Consider what happens when the government acquires an insolvent bank. The shareholders and the debt holders of the bank’s holding company may be essentially wiped out — even as the bank itself is merged into another institution. That is what happened, for example, when JPMorgan Chase “acquired” Washington Mutual bank; its holding company promptly went bankrupt. This approach allows the market to properly discipline banks. The fear of loss gives investors the critical incentive to deny capital to those that take excessive risks. Also, when the price of a bank holding company’s stock and debt plummets, it is an early warning of trouble.

Treasury’s new plan, the Public-Private Investment Program, reduces that incentive by preserving shareholder and debt holder ownership of insolvent banks. It also injects capital into those banks in a roundabout, unproductive way. Under the program, the government will help private investors buy at auction the banks’ toxic assets (what Treasury now calls “legacy assets”). Private firms will use government funds, along with some money of their own, to buy the assets at prices above current market value.
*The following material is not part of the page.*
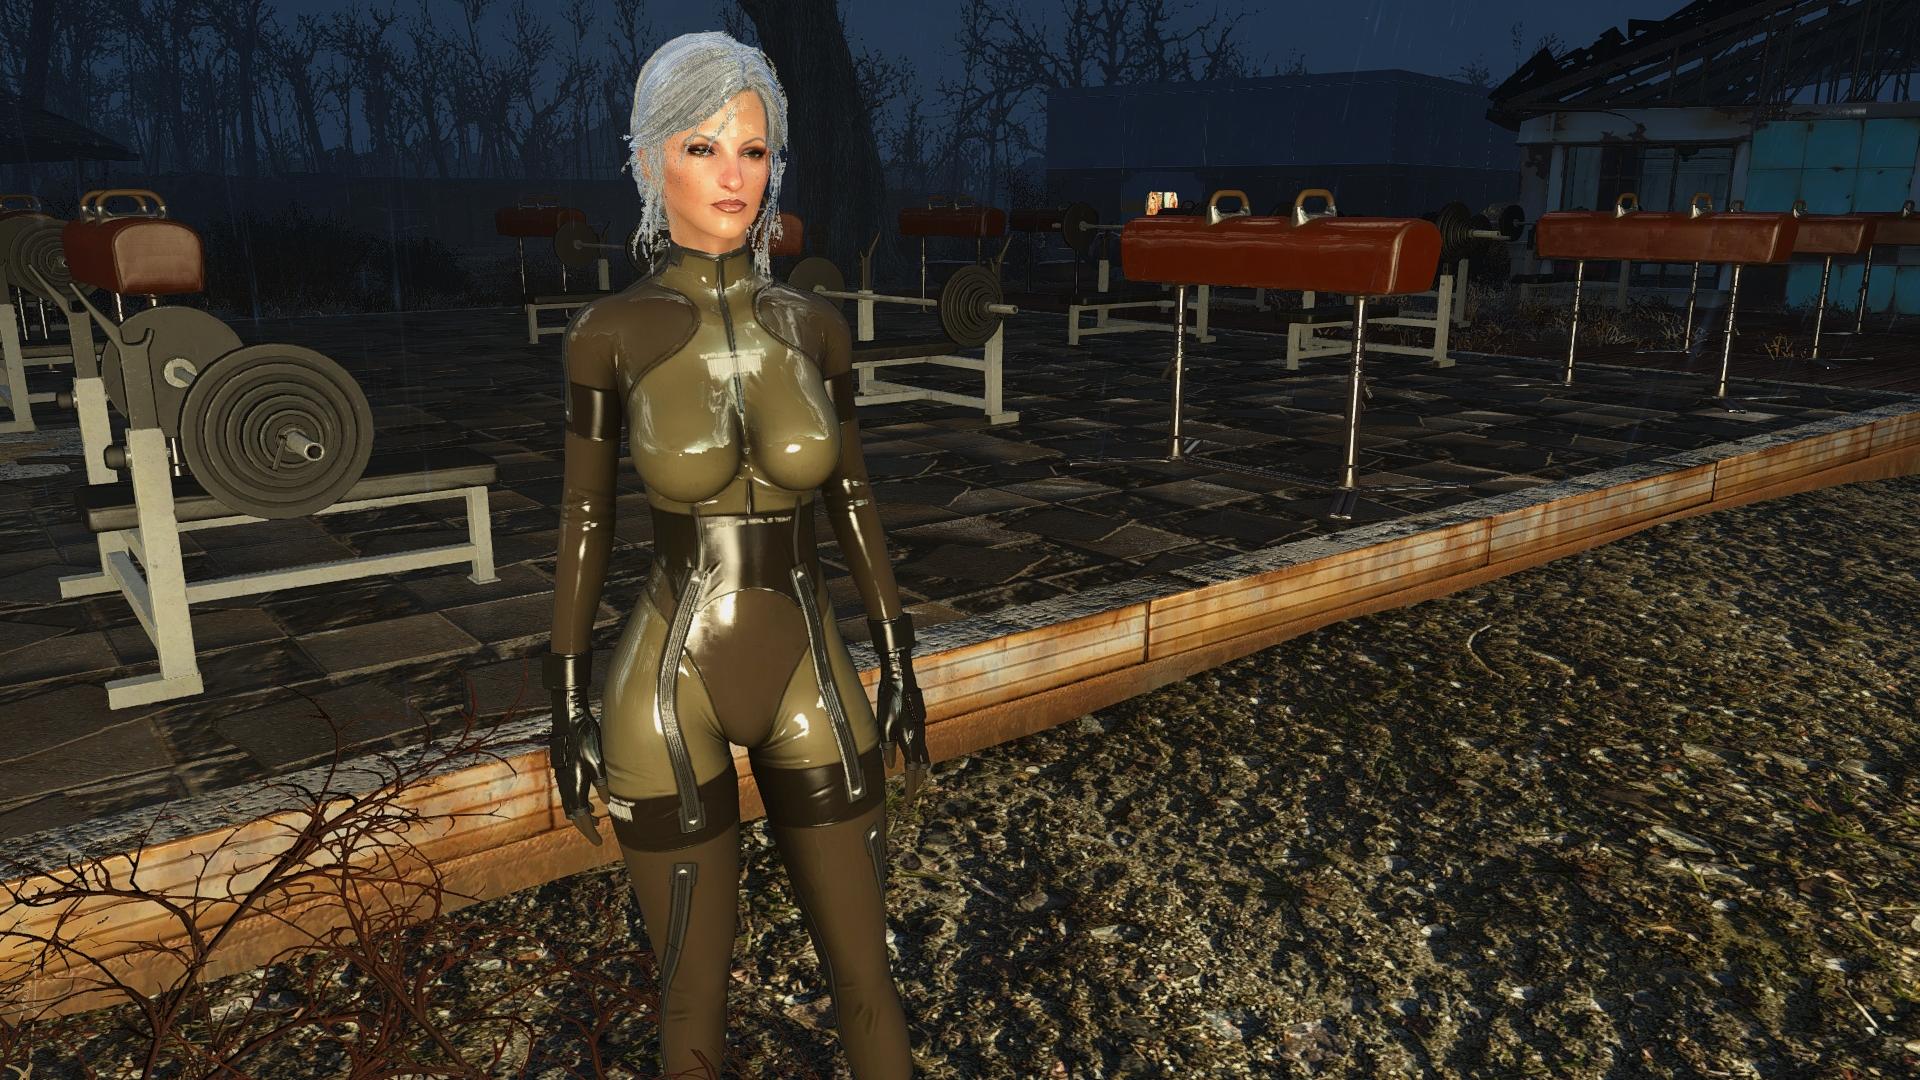 000200.Jpg - Fallout 4

The government will bear almost all the exposure to losses from these transactions, but earn only a small fraction of any profits. Another problem is that if the buyers of these assets harvest significant gains, they will have to worry that Congress might seek to recapture the money in the future, as it has threatened to in the recent bonus turmoil at A.I.G. This fear will lower the bids and therefore the amount paid for the toxic assets.
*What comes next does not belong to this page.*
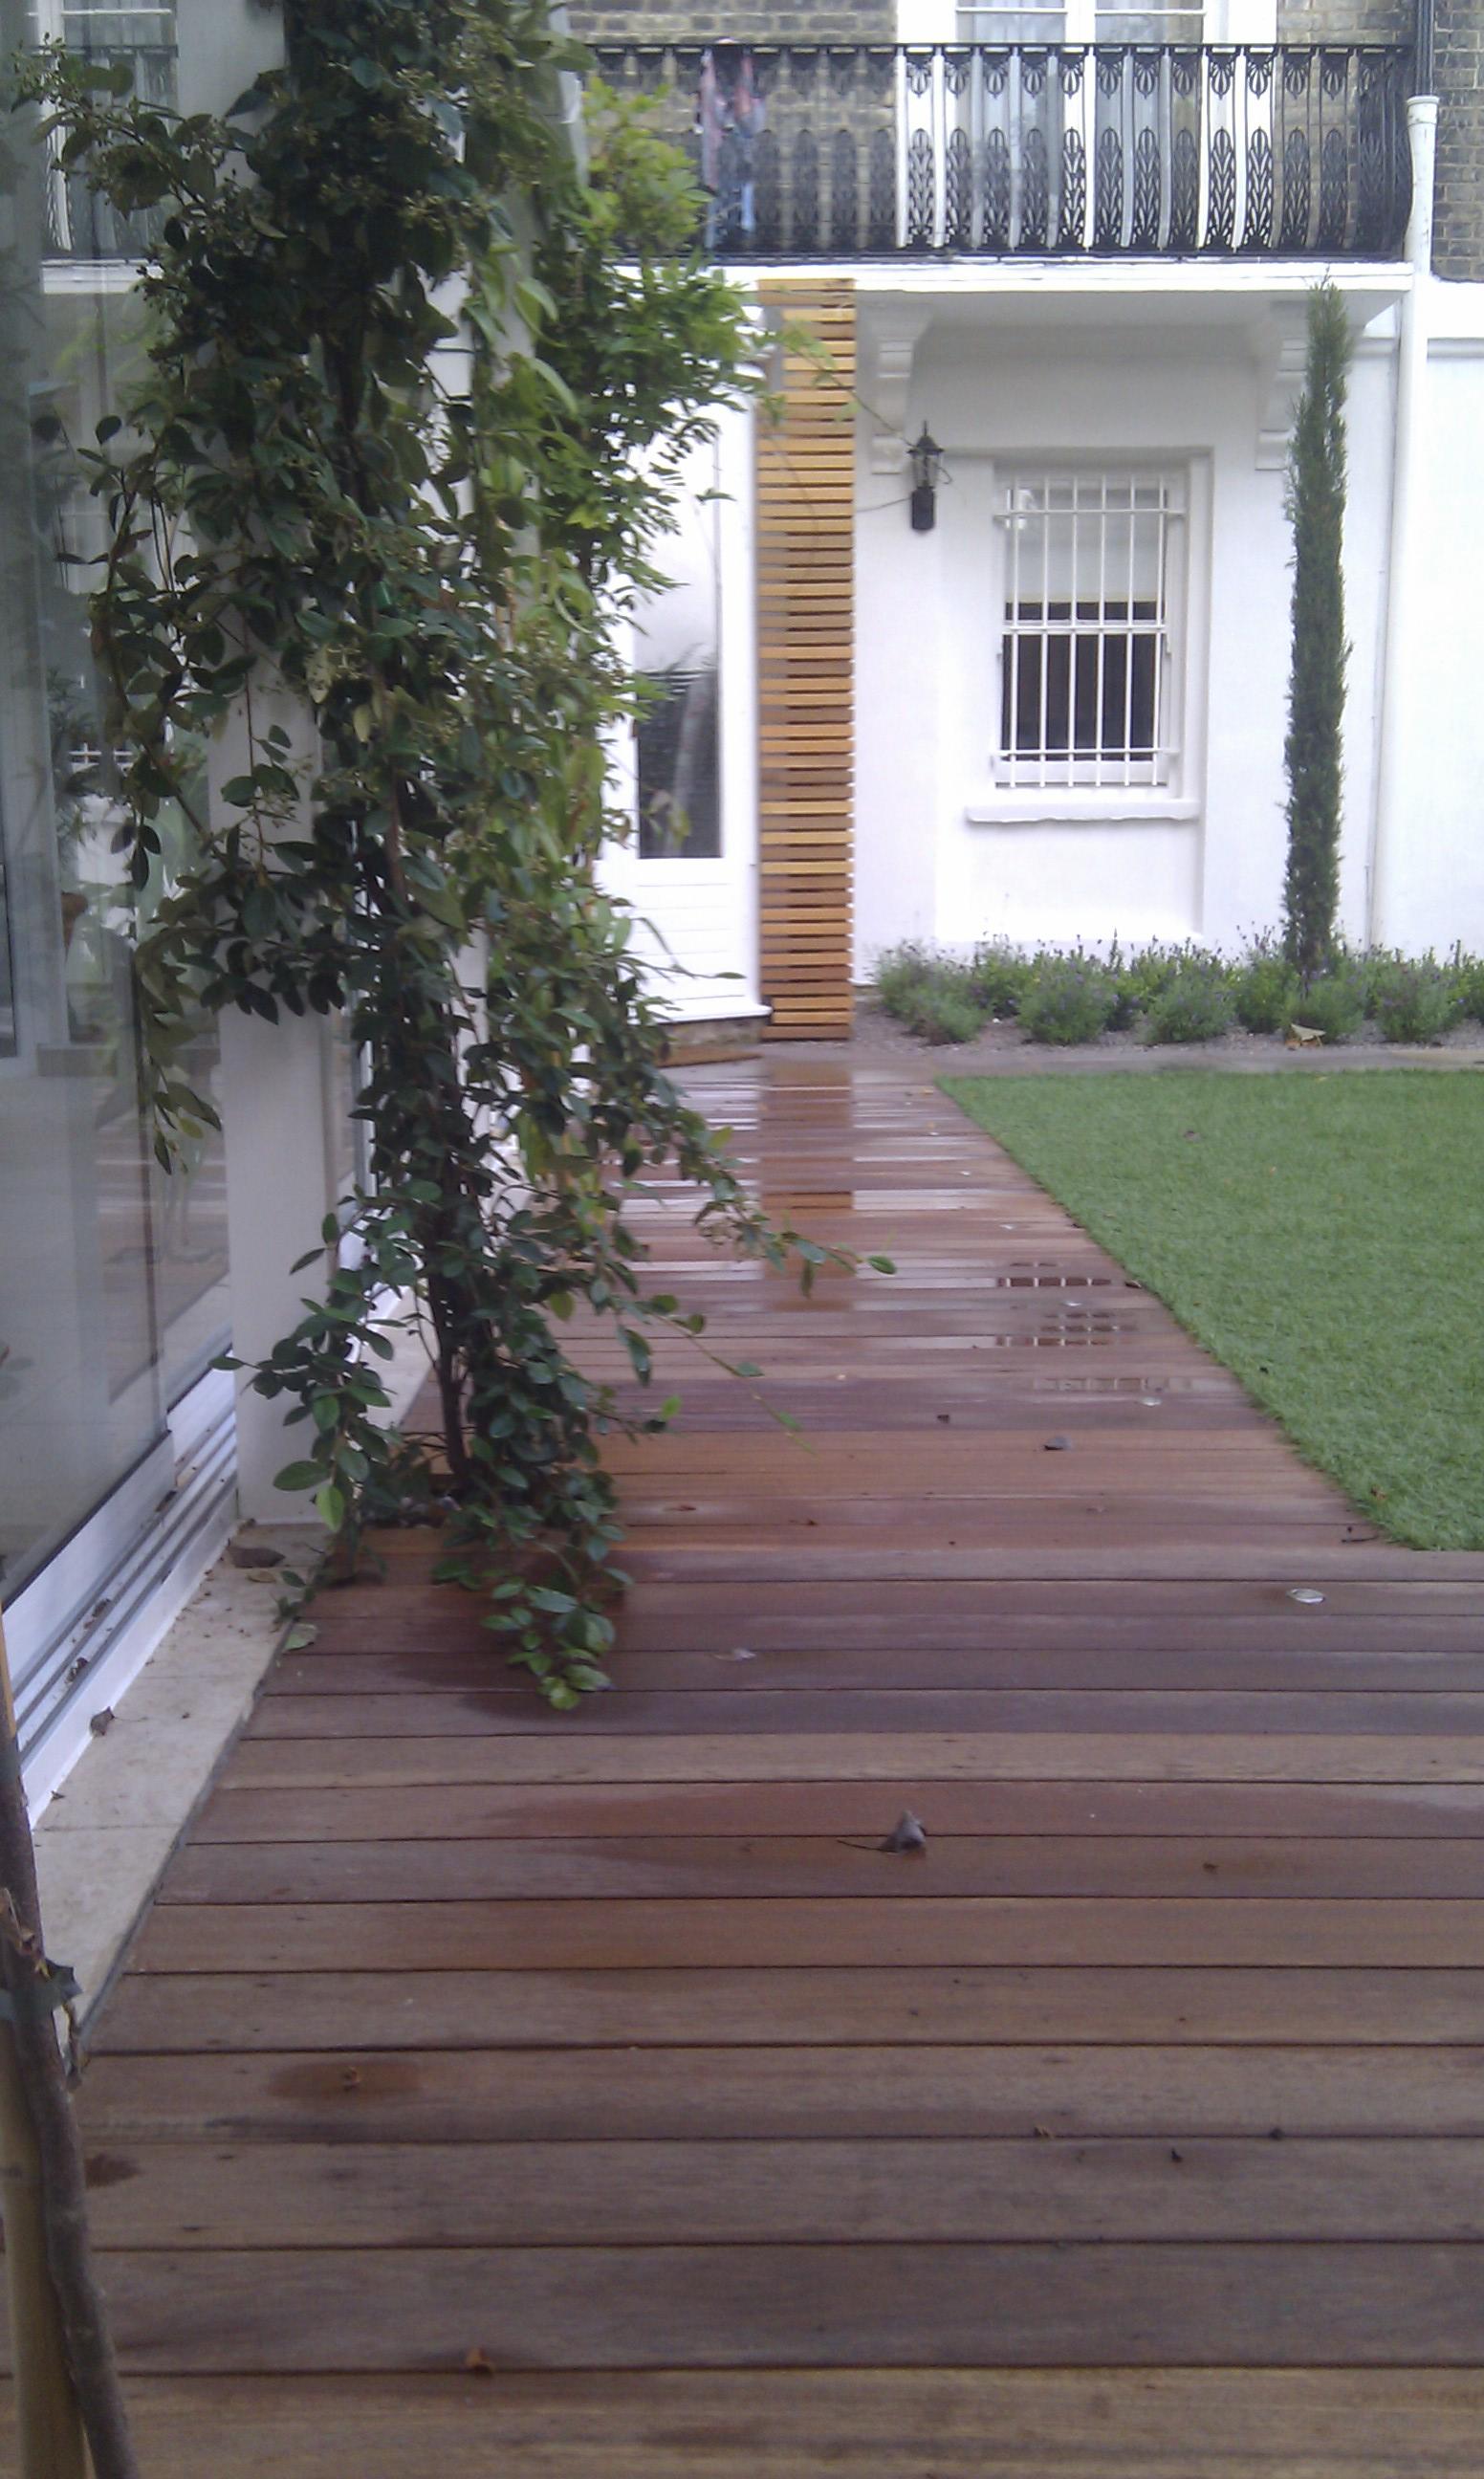 modern garden design london slatted grey privacy screen sandstone paving easy grass balau hardwood decking (34)

Even if it is successful, the program will add very little new capital to the banks — roughly only the amount paid for toxic assets that is over and above their current value.

There is a simpler, sounder and fairer way to recapitalize an insolvent bank. The government should seize it, as it is already authorized — indeed, compelled — to do. Then it could inject cash (in the form of Treasury notes) as equity in the bank and, at the same time, remove the toxic assets the bank holds. Bank regulators might perhaps swap Treasury securities for toxic assets “at par” — that is, in an amount equal to the original purchase price of the assets removed. This would be a fair transaction, and it would cost nothing, because the government would own both the bank and the bonds. The toxic assets could then be placed in the basement of the Treasury building while we wait to see what they turn out to be worth.

The government could then quickly — say within a month — auction off the bank. Speed would be critical: If Treasury were to hold a large bank for a long time, it would be difficult to retain the most talented employees, and it is the people, along with a clean balance sheet, that make a bank valuable.

If markets work at all (and if they don’t, Treasury’s new plan is doomed to fail), such an auction would produce a new privately owned “clean” bank, with ample capital to lend. It would also generate proceeds from the sale that would be at least as great as the value of the securities injected into the bank as equity — and likely greater.

If the recapitalized bank could not be sold at a price that amounts to (at least) the new cash injected, then the bank would be worthless, but not because of the toxic asset problem. It would be because the bank has been mismanaged or has other bad loans unrelated to the mortgage crisis, and such a bank should be allowed to fail.

If the sale succeeds, however, the government would have created a fully financed private bank at essentially no incremental cost to taxpayers, and Treasury would still hold the toxic assets on its books — to be sold whenever it becomes economical to do so.

This is a simple and fair plan. And unlike the Public-Private Investment Program, it would not reward bank investors for their folly or inject too little capital when more is needed.

Andrew M. Rosenfield is a senior lecturer at the University of Chicago Law School and the chief executive of an investment advisory firm.